DESCRIPTION OF THE TASK
Although the records contain pictures, none belong in the copy: restate word for word only the lines from the one with "高 Ling 大赞曼谷 Safari World 的长颈鹿平易近人。" through the one with "Graco Inc D", both included.

RAW DATA
——————————

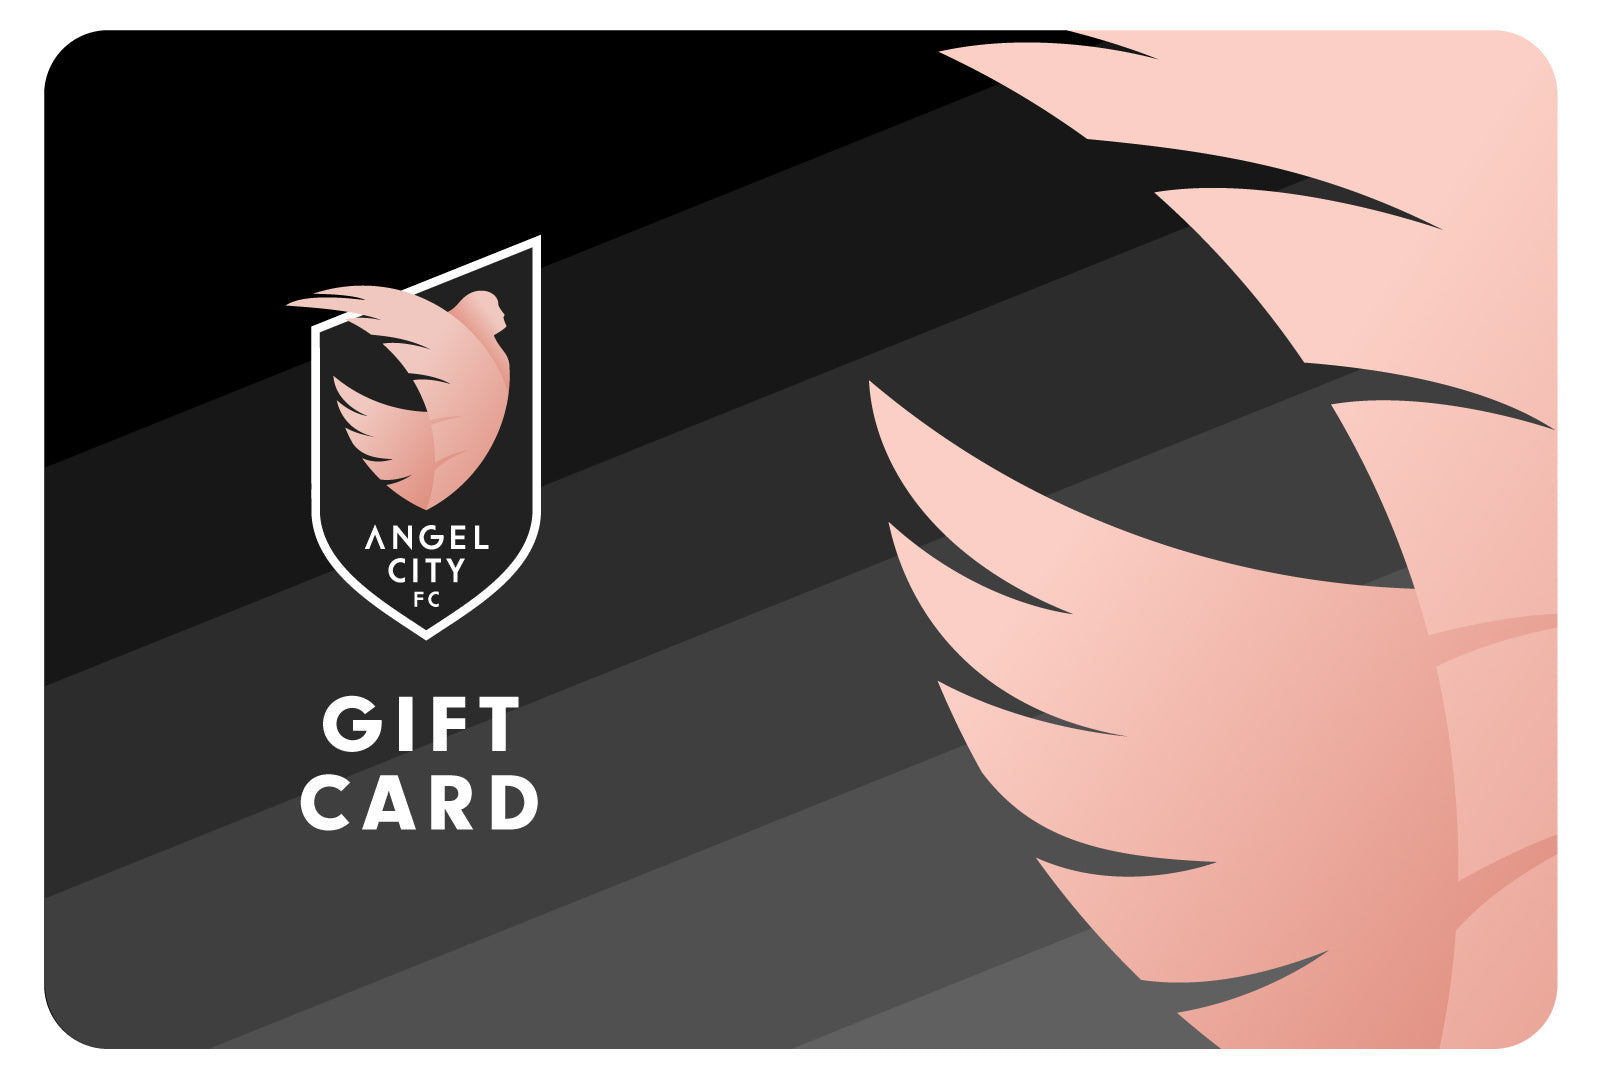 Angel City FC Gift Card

——————————

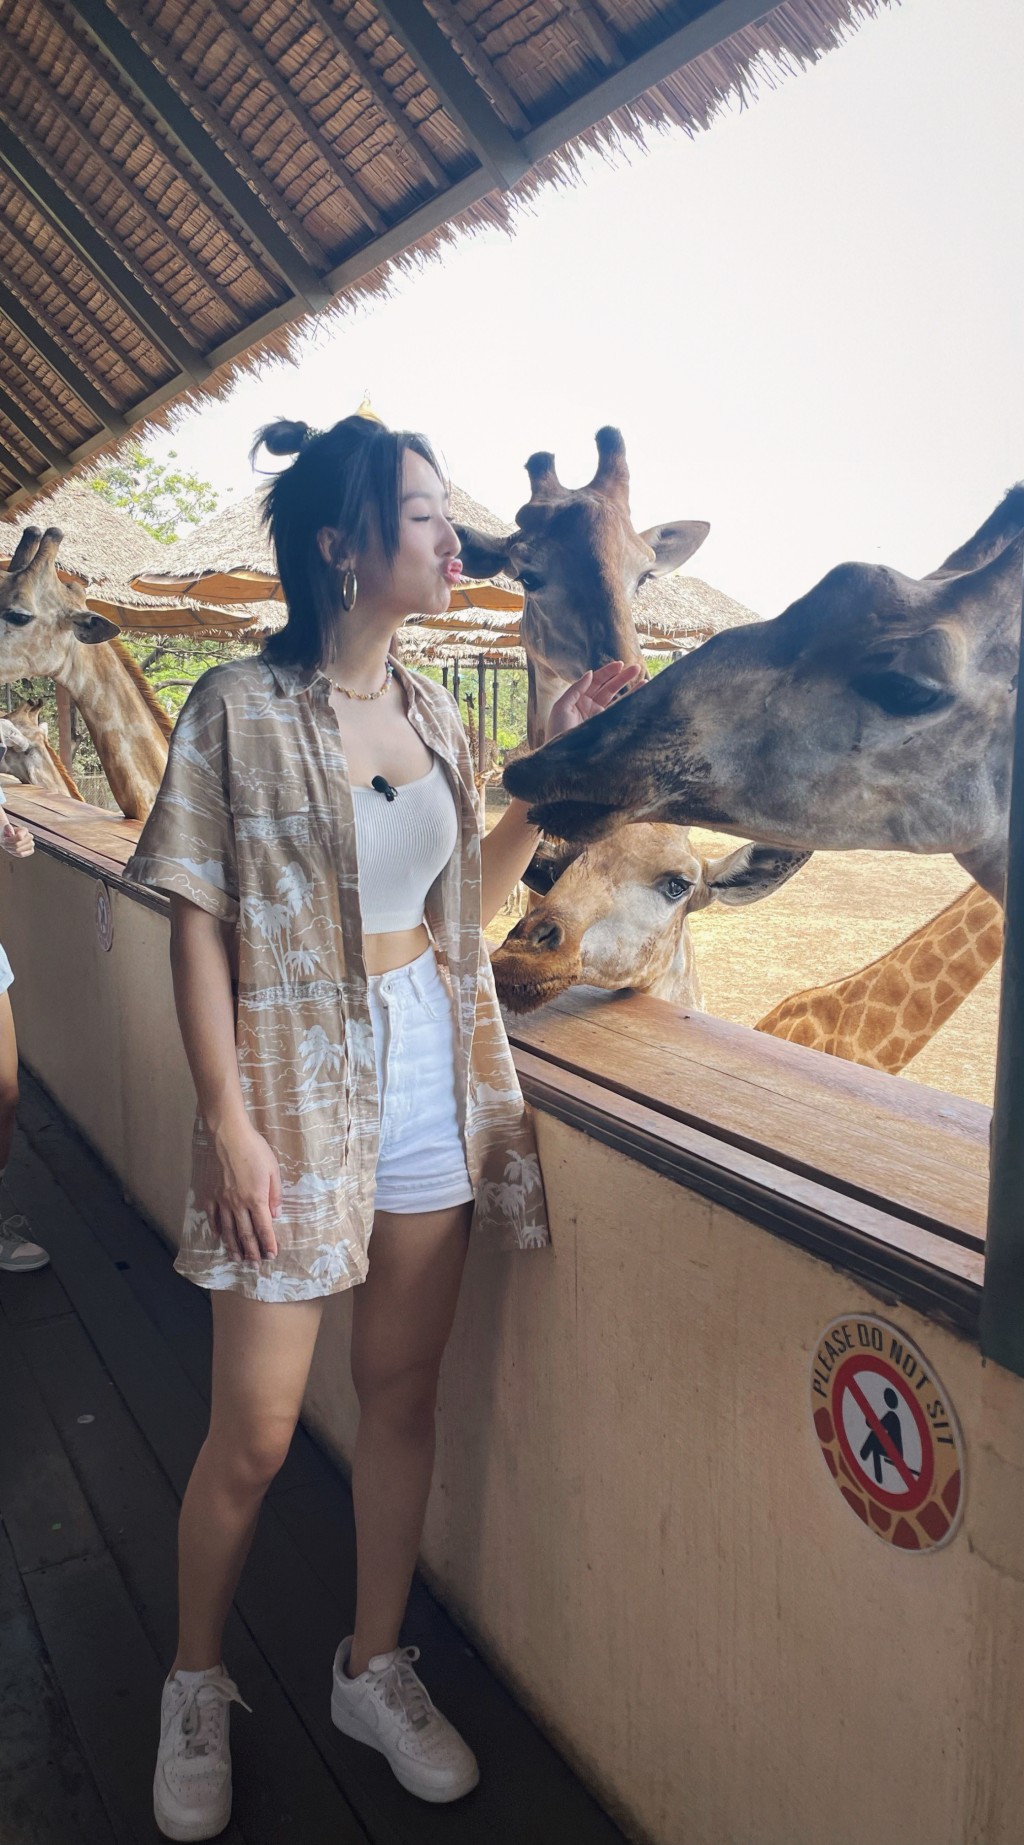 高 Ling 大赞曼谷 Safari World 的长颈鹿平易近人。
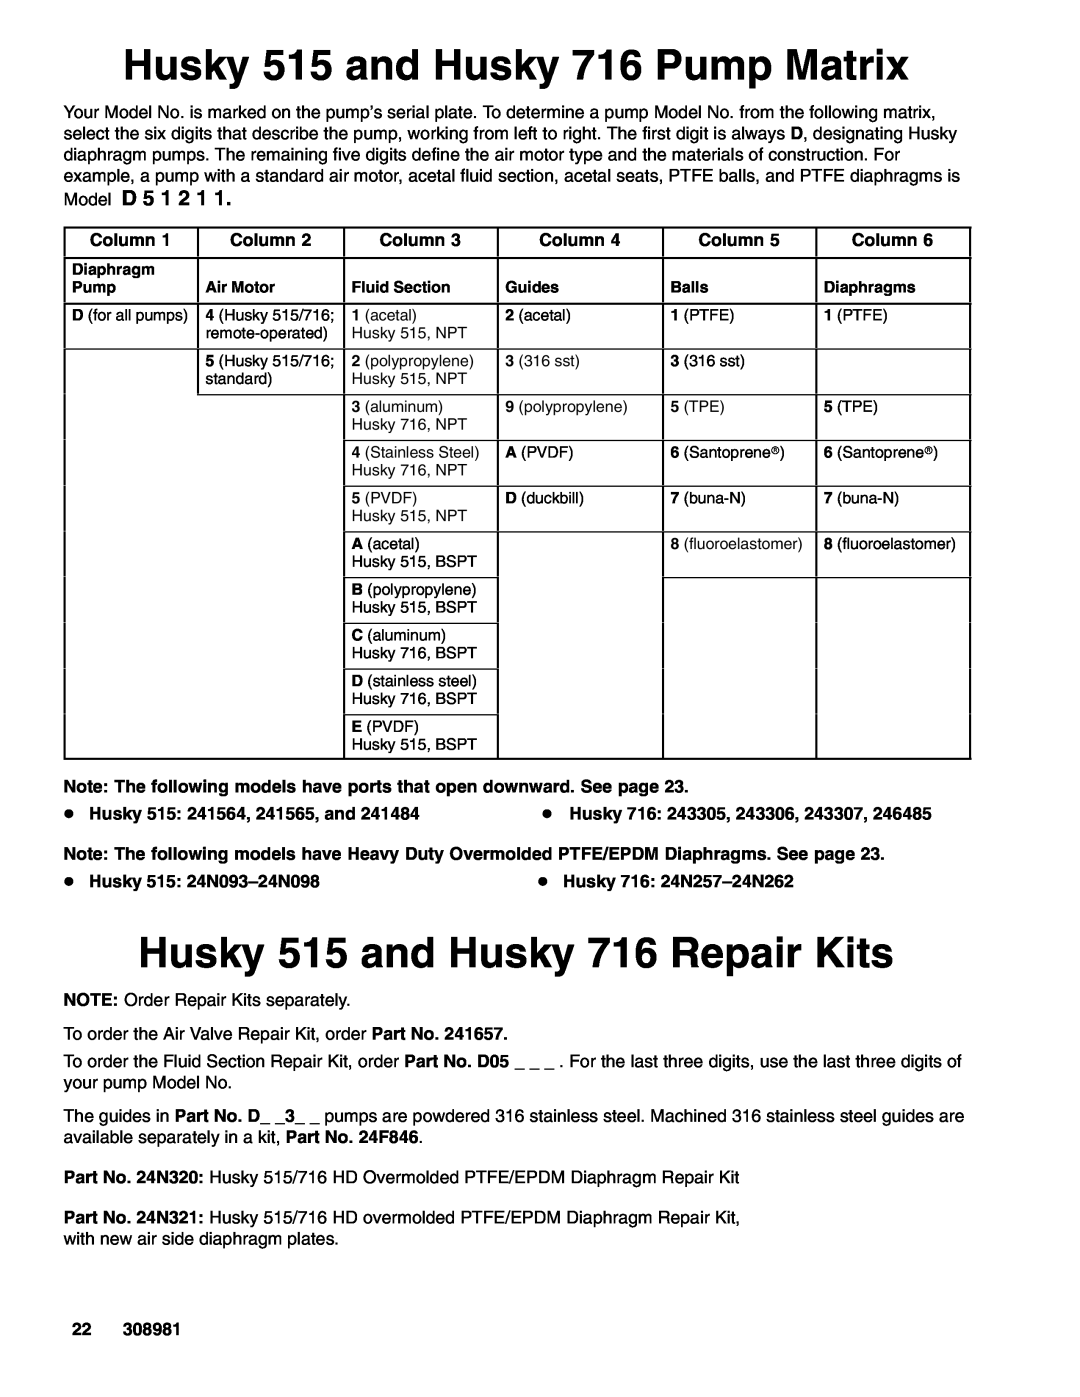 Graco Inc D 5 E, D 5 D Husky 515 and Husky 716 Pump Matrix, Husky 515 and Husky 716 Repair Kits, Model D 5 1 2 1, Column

——————————

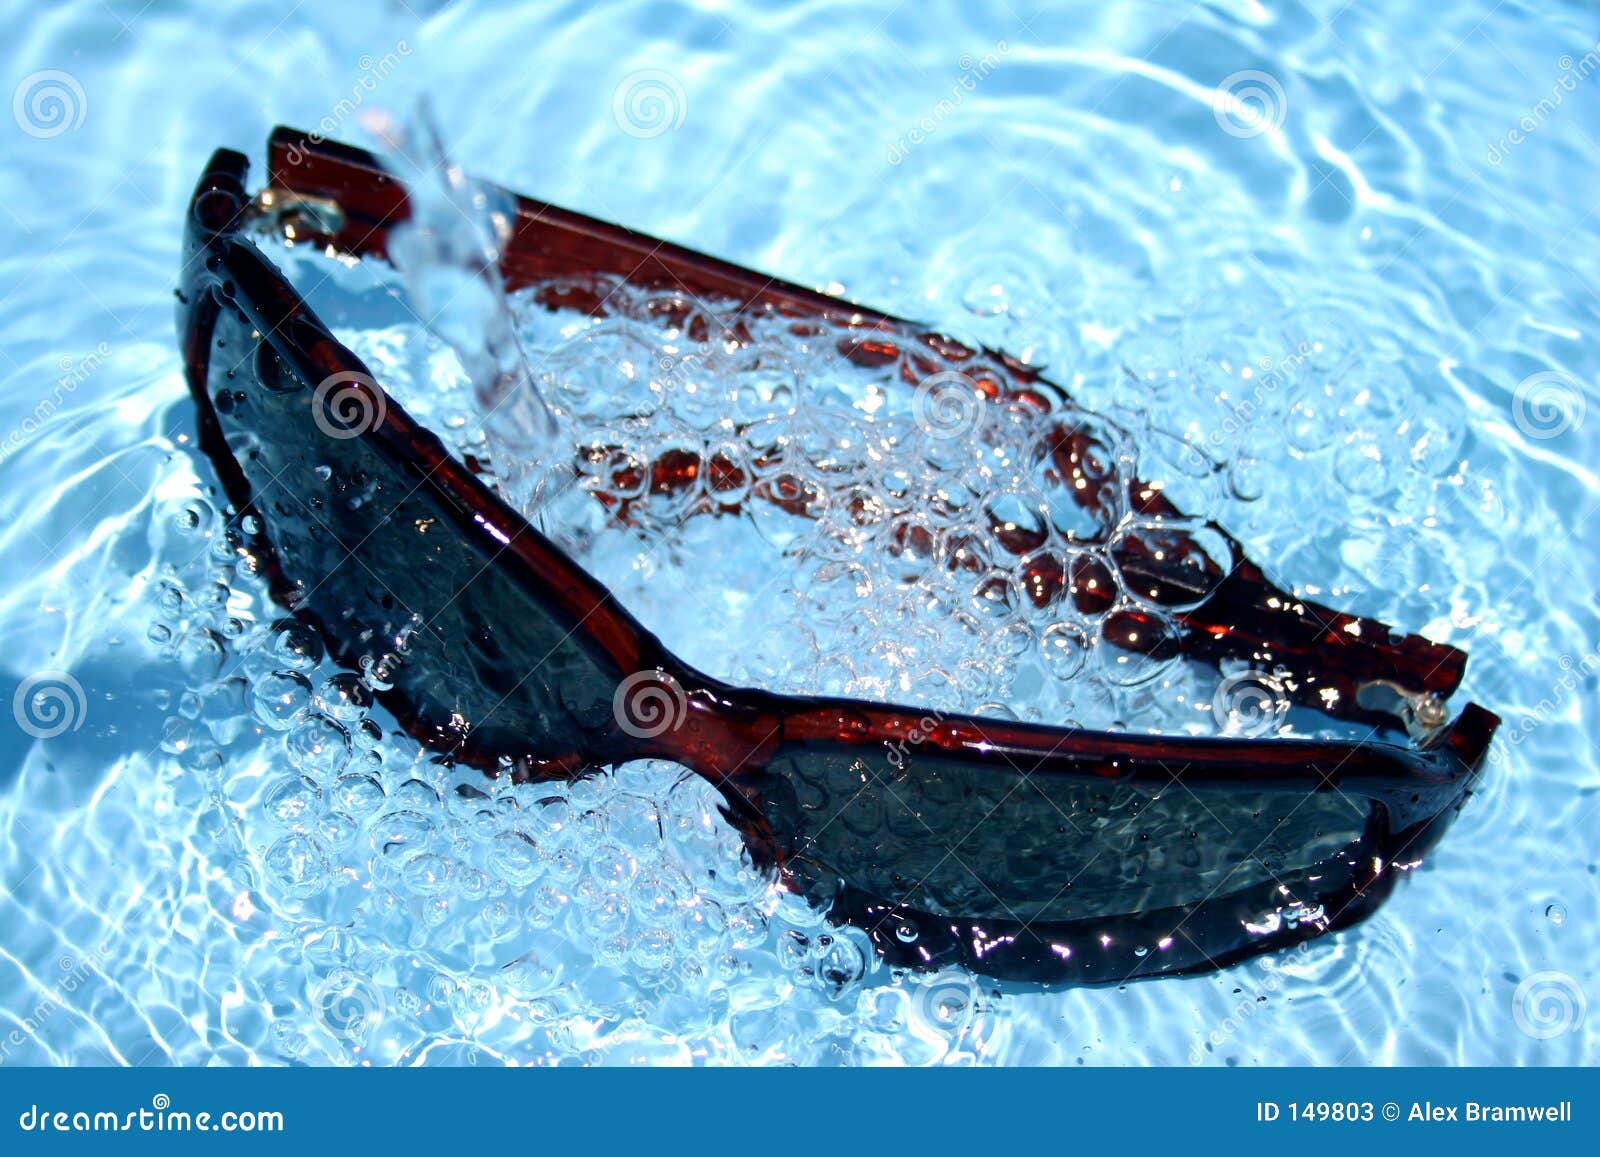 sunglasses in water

——————————

WRITTEN RESPONSE
 高 Ling 大赞曼谷 Safari World 的长颈鹿平易近人。
 Graco Inc D 5 E, D 5 D Husky 515 and Husky 716 Pump Matrix, Husky 515 and Husky 716 Repair Kits, Model D 5 1 2 1, Column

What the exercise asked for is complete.